Ahmadou Camara

Personal information
- Full name: Ahmadou Ama Camara
- Date of birth: 1 August 2003 (age 22)
- Place of birth: Conakry, Guinea
- Height: 1.78 m (5 ft 10 in)
- Position(s): Central midfielder

Team information
- Current team: Khor Fakkan
- Number: 5

Youth career
- –2018: Hafia FC
- 2019–2020: Fath US
- 2020–2022: Raja CA

Senior career*
- Years: Team / Apps / (Gls)
- 2022–2024: Raja CA / 41 / (0)
- 2024–: Khor Fakkan / 0 / (0)

International career^{‡}
- 2022–2024: Guinea U20 / 3 / (0)
- 2024–: Guinea U23 / 2 / (0)

= Ahmadou Camara =

Guinean professional footballer

Ahmadou Camara (born 1 August 2003) is a Guinean professional footballer who plays as a central midfielder for UAE Pro League club Khor Fakkan.

==Early life==
Ahmadou Camara was born on 1 August 2003 in Conakry. After a period at Hafia FC, he left Guinea for Morocco in 2018 to enter a football scouting program.

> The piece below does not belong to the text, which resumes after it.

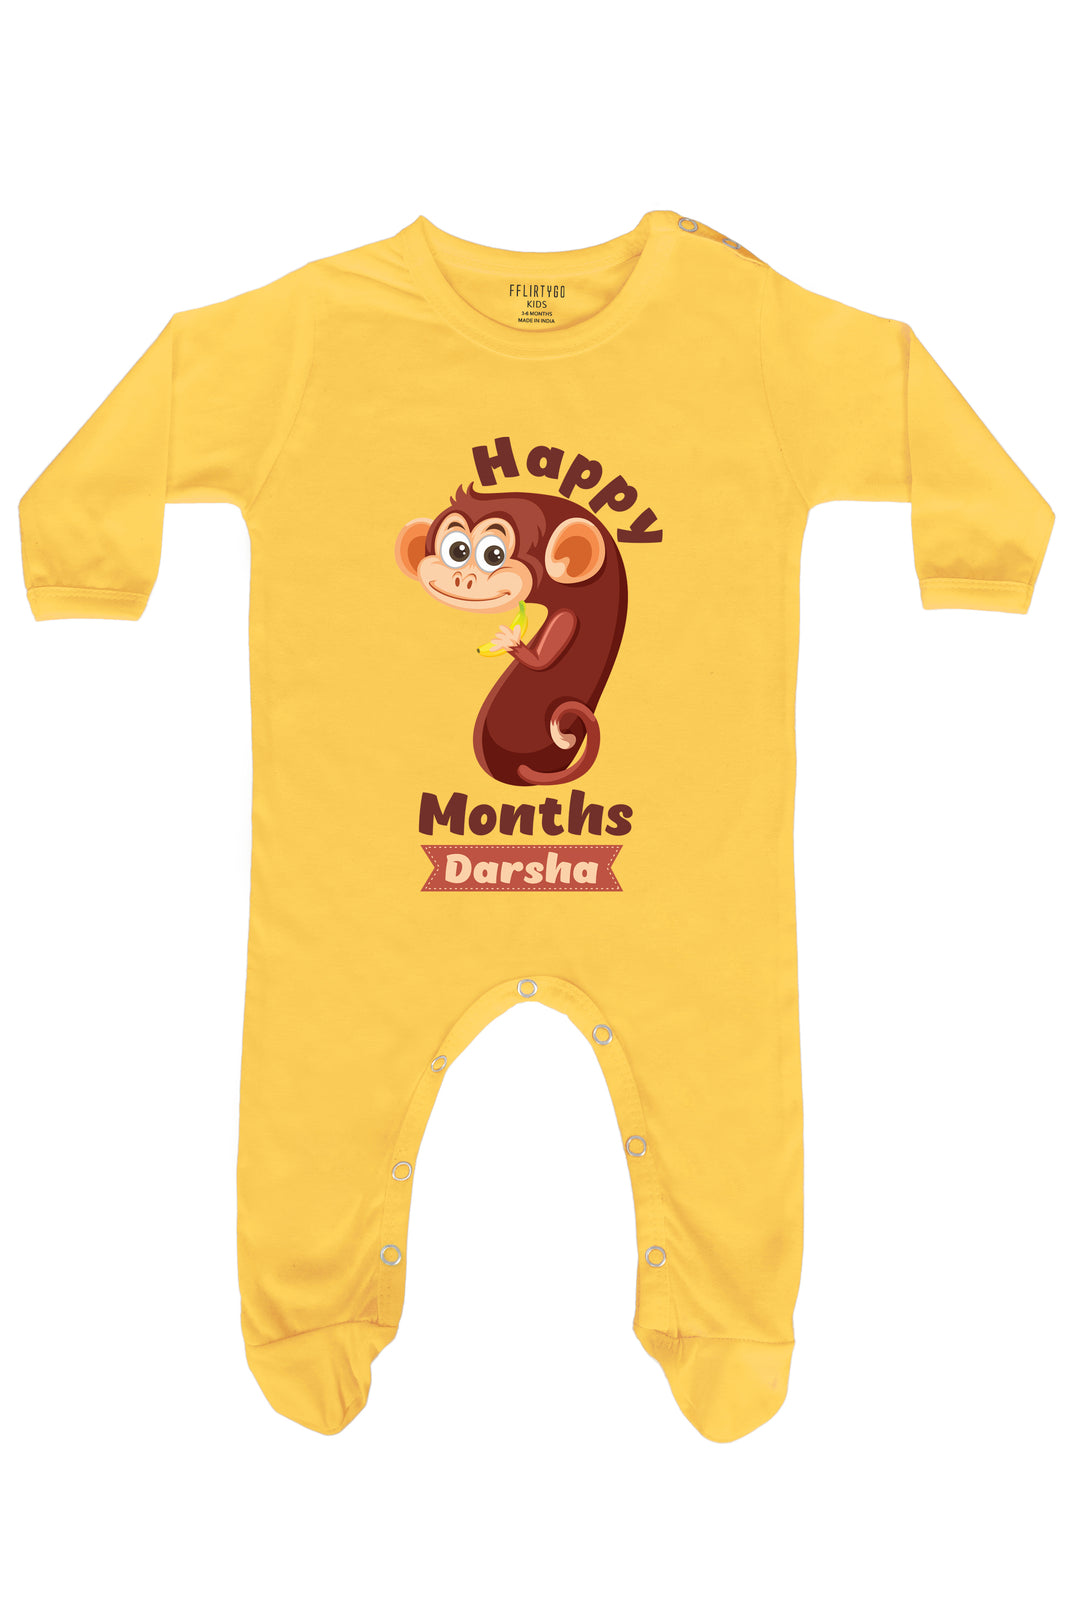 Seven Month Milestone Baby Romper | Onesies w/ Custom Name

Once in the Kingdom, he joined Fath Union Sport's academy where he will play for a year before being spotted by the Raja Club Athletic in 2020.

At the age of 17, he arrived at the Raja-Oasis Sports Complex and joined the U19 team. He quickly established himself as a starter and reached the U23 team under Bouchaib El Moubarki that was playing in the North West Group of the Amateurs 3 League, which is the fifth level of Moroccan football. For two successive seasons, the team was close to gain promotion but finished in second and third position respectively.

==Club career==
Thanks to his performance and his consistency, Rachid Taoussi called up the young Guinean in June 2022 to join the first team's training. On 2 July 2022, he made his professional debut against Maghreb AS on the last leg of the Botola (0–0).

On 18 March 2023, under Mondher Kebaier, he made his Champions League debut against Vipers SC in Tanzania (1–1), and played the quarter-finals against Al Ahly.

On 14 April, he made his starting debut against Jeunesse Sportive Soualem in the league (0–0). On June 9, the club announced the extension of Camara's contract for four additional seasons.

On 27 September 2024, Ahmadou Camara moved to the Emirati club Khor Fakkan Club.

== International career ==
In 2022, he received his first call-up to the Guinean U20 squad and played three friendly games.